### DATA SECTION:
╭──

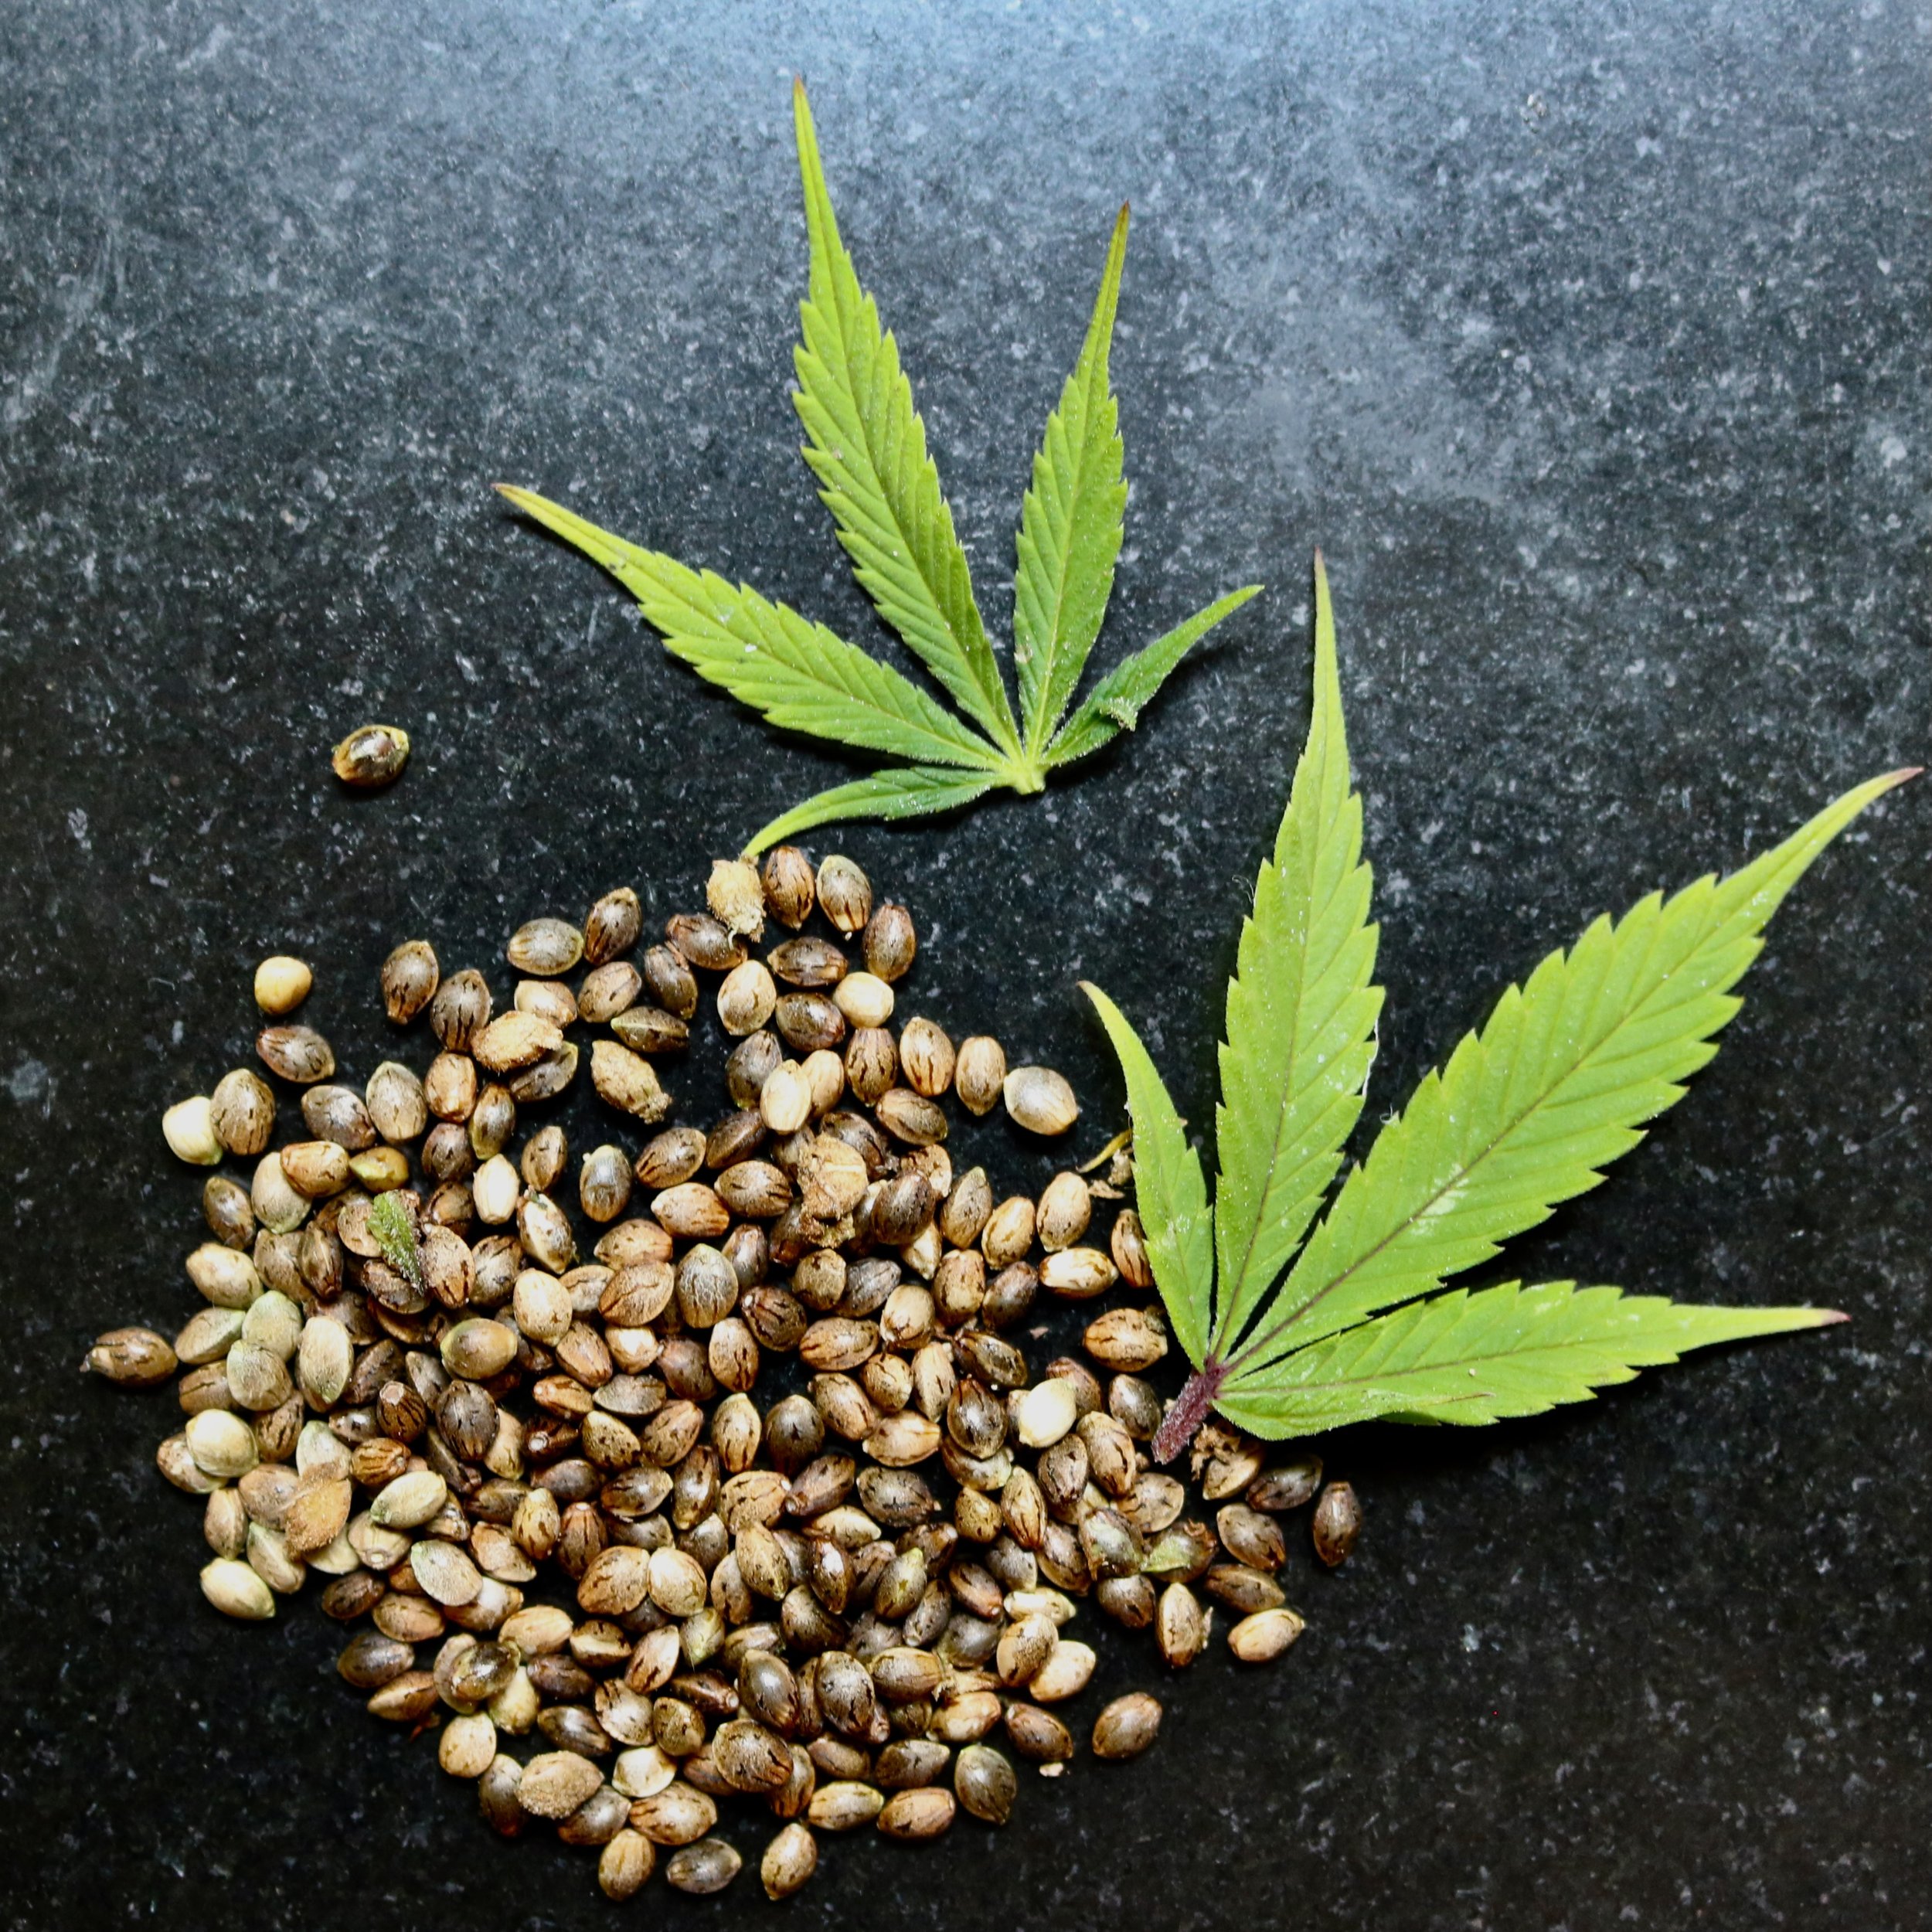 cannabis leaves and seeds.jpeg
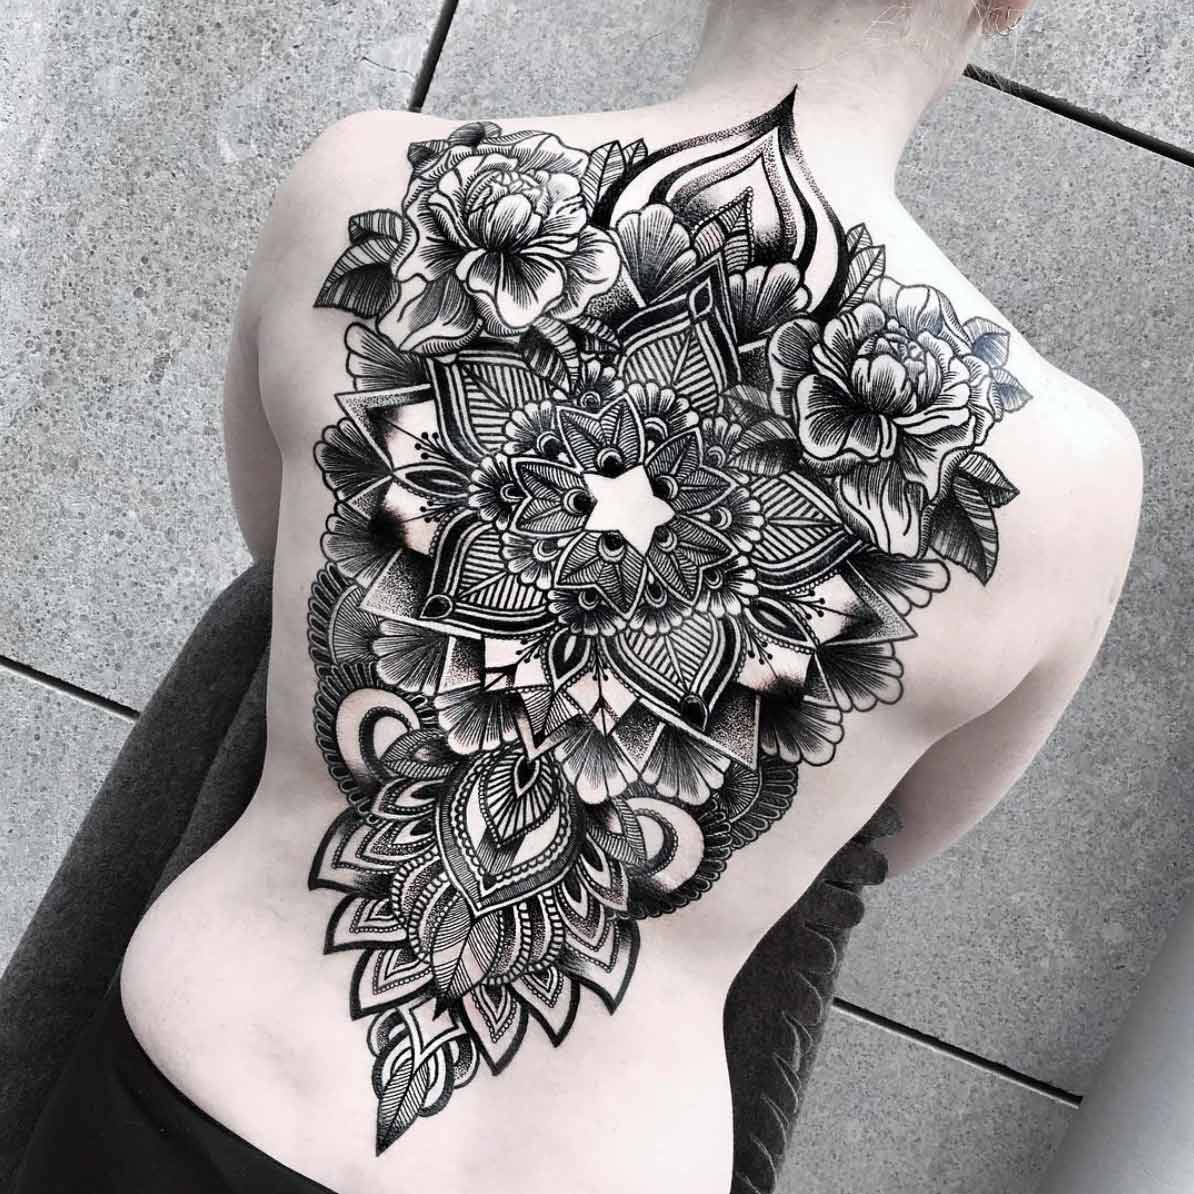 Beautiful back piece by Jessica Svartvit
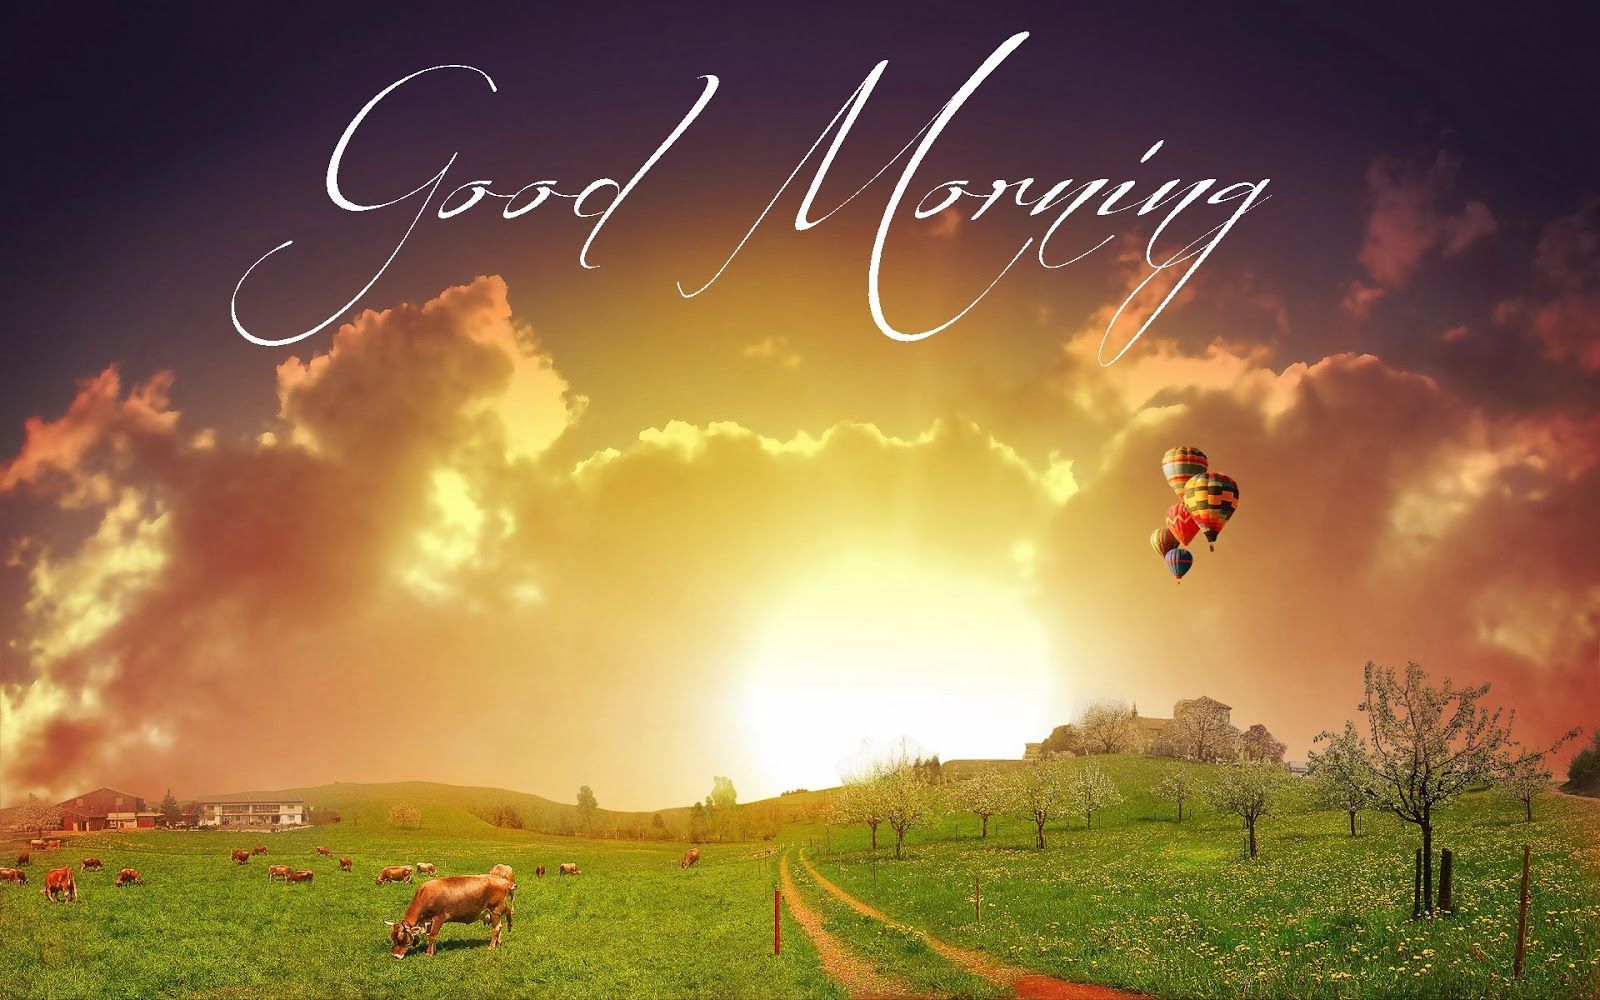 1600x1000 Good Morning Wonderful Wishes Image for Whatsapp. Sunrise wallpaper, Nature wallpaper, Beautiful sunrise on WallpaperBat

╰──

### PROMPT:
Starting at the line that contains "Beautiful back piece by Jessica Svartvit", retype every line through the end of the material exactly as written, including both end lines but no pictures.

### EXERCISE ANSWER:
 Beautiful back piece by Jessica Svartvit
 1600x1000 Good Morning Wonderful Wishes Image for Whatsapp. Sunrise wallpaper, Nature wallpaper, Beautiful sunrise on WallpaperBat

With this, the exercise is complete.